Three years ago, Council President Pro Tem Ken Cockrel sent out a letter asking residents to write his colleagues on council to encourage a resolution opposing the DIFT.

“As somebody who has led a lot of council opposition in the past, I kind of had to hold my nose and vote for it,” Cockrel says of the current resolution.

So why did he vote to approve it? The answer doesn’t make the situation any less complicated.

Groups in southwest Detroit, which had previously opposed the DIFT as Communities for a Better Rail Alternative, have had a divergence of opinions. CBRA is no more.

“Members of community development organizations decided it was better to pursue a strategy of negotiating with MDOT,” says Kathryn Savoie, director of ACCESS’ environmental health program and a former CBRA member. “Since there’s not a project yet that seems premature. We think there are still many concerns about the way the project’s being proposed.”

Those groups that favor negotiating with MDOT — about 15 or 20 community groups, Cockrel says — include the Southwest Detroit Business Association and the Greater Corktown Development Corporation.

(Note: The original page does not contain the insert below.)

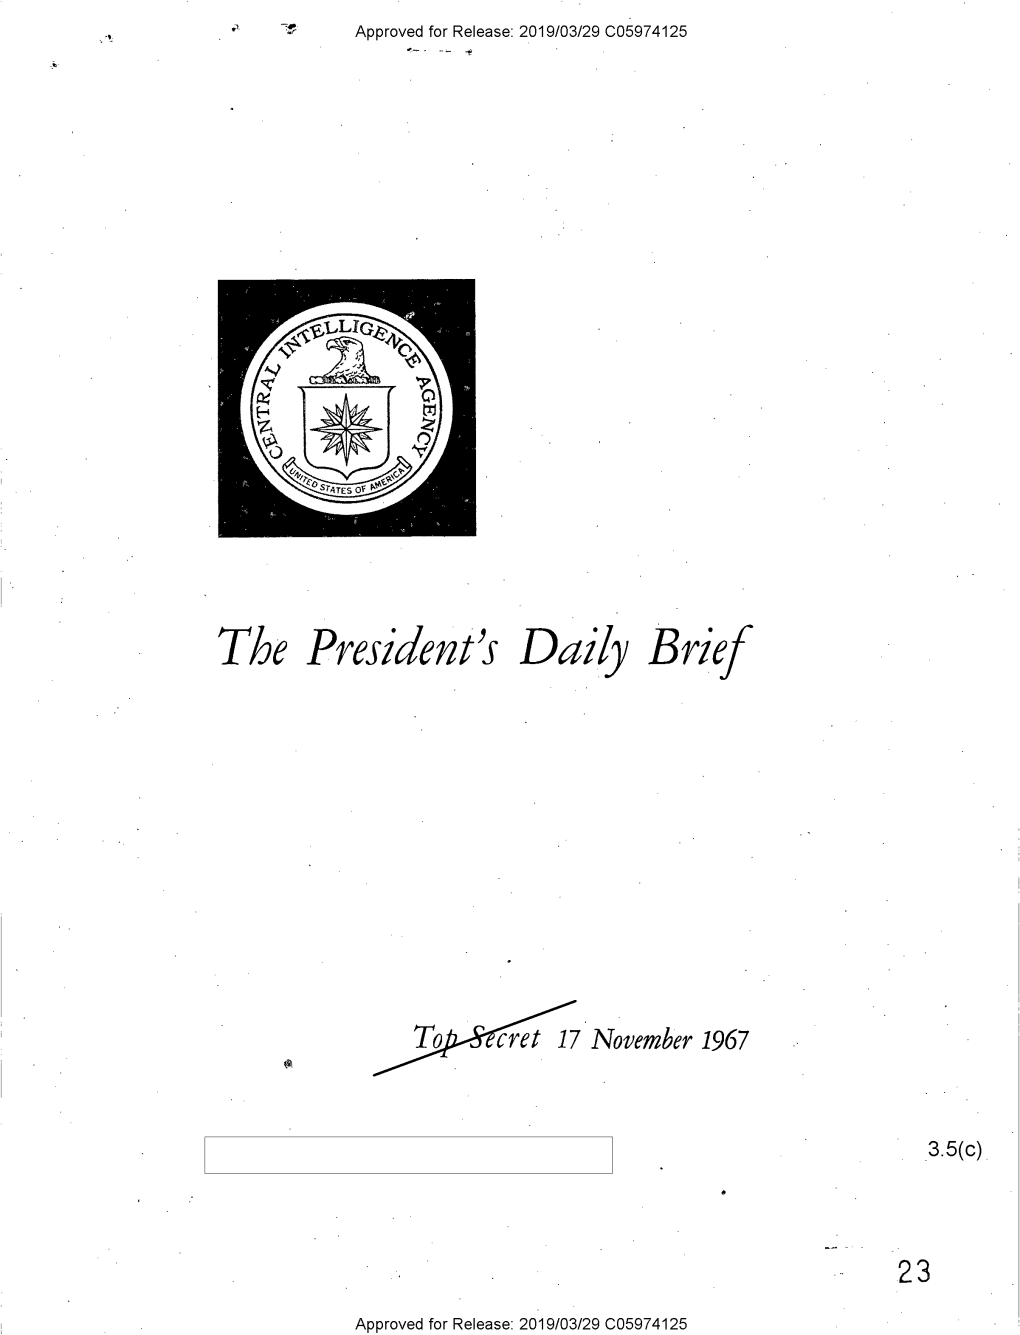 President's Daily Brief/ Special Daily Report, 17 November 1967

Both have previously gone on record against the DIFT project, but recently approached council seeking a resolution backing the DIFT expansion.

Over the years, says Kelli Kavanaugh, deputy director of the Greater Corktown Development Corporation, things have changed.

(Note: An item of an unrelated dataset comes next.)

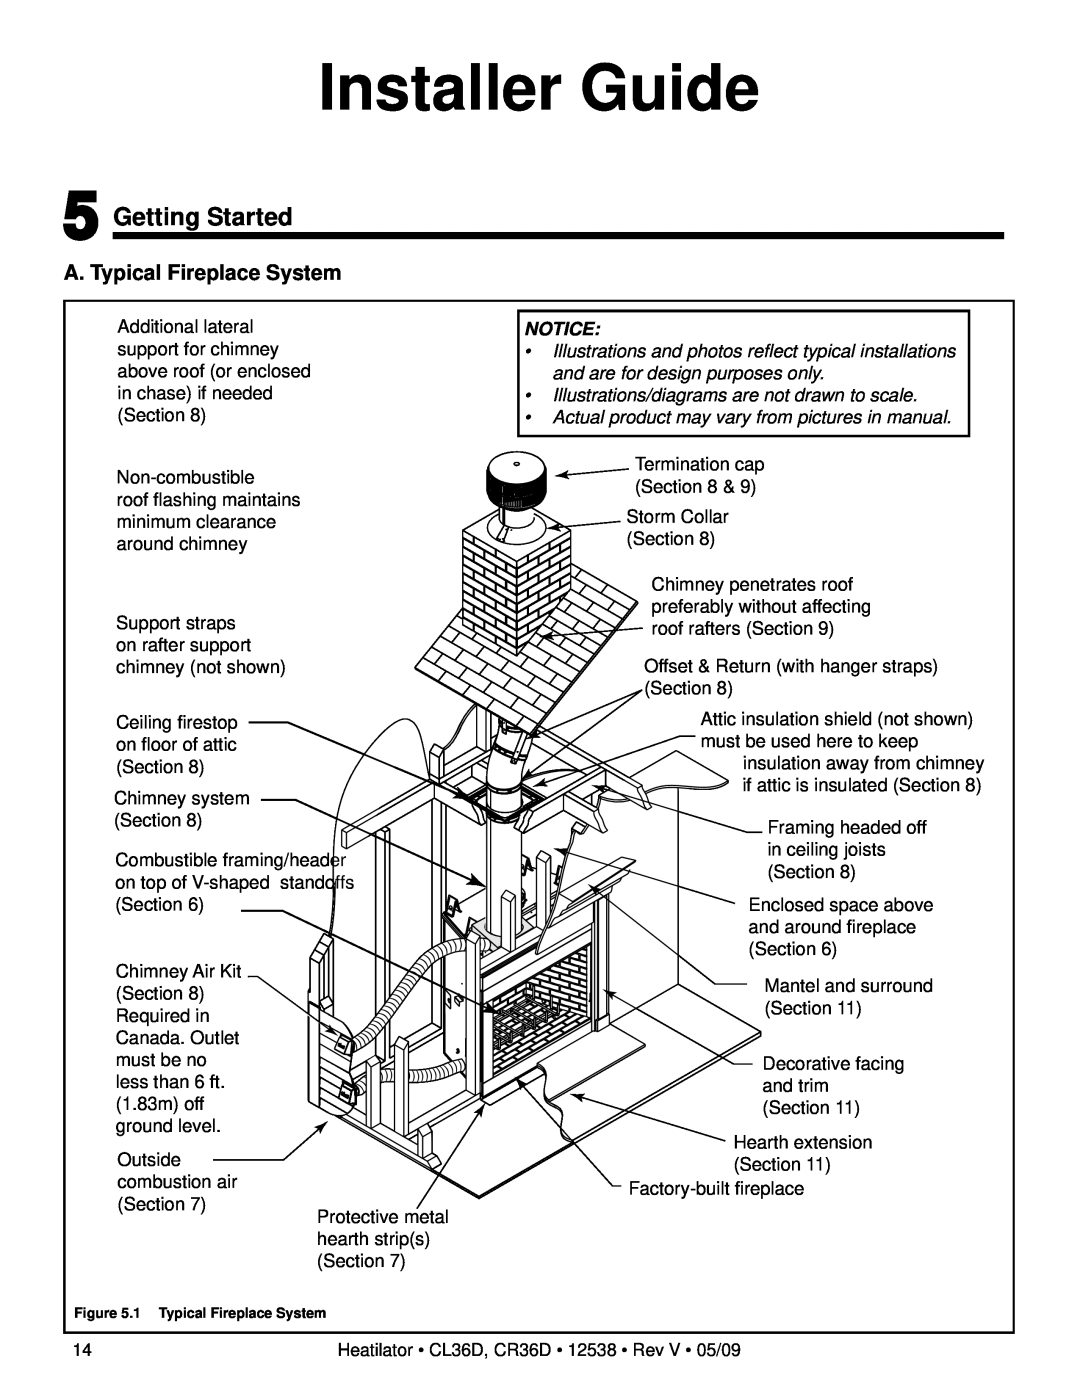 Heatiator CR36D, CL36D owner manual Installer Guide, Getting Started, A. Typical Fireplace System

“If the state of Michigan and the feds walk away right now and put no money into the site, we’re not better off,” Kavanaugh says. “And we can see how the railroads have maintained the yard over the years.”

One proposal, Kavanaugh says, would keep truck traffic off Michigan Avenue and concentrate ingress and egress at two gates, rather than eight as originally planned.

Kavanaugh admits that the air quality issue hasn’t been resolved.

“My sense from the community is that the DIFT or something like it is inevitable,” Cockrel says.

Savoie says that negotiating with MDOT for a favorable DIFT is jumping the gun. DIFT, she says, is far from a sure thing. A final decision on the $300 million-$800 million project isn’t expected until 2007.

Savoie says she plans to ask council to hold a public hearing, or at the least pass a second resolution highlighting the health concerns involved in the project. It may be an uphill battle. Between the community groups that were once a part of CBRA, Savoie says, “there’s no consensus at this point about how to deal with the DIFT.”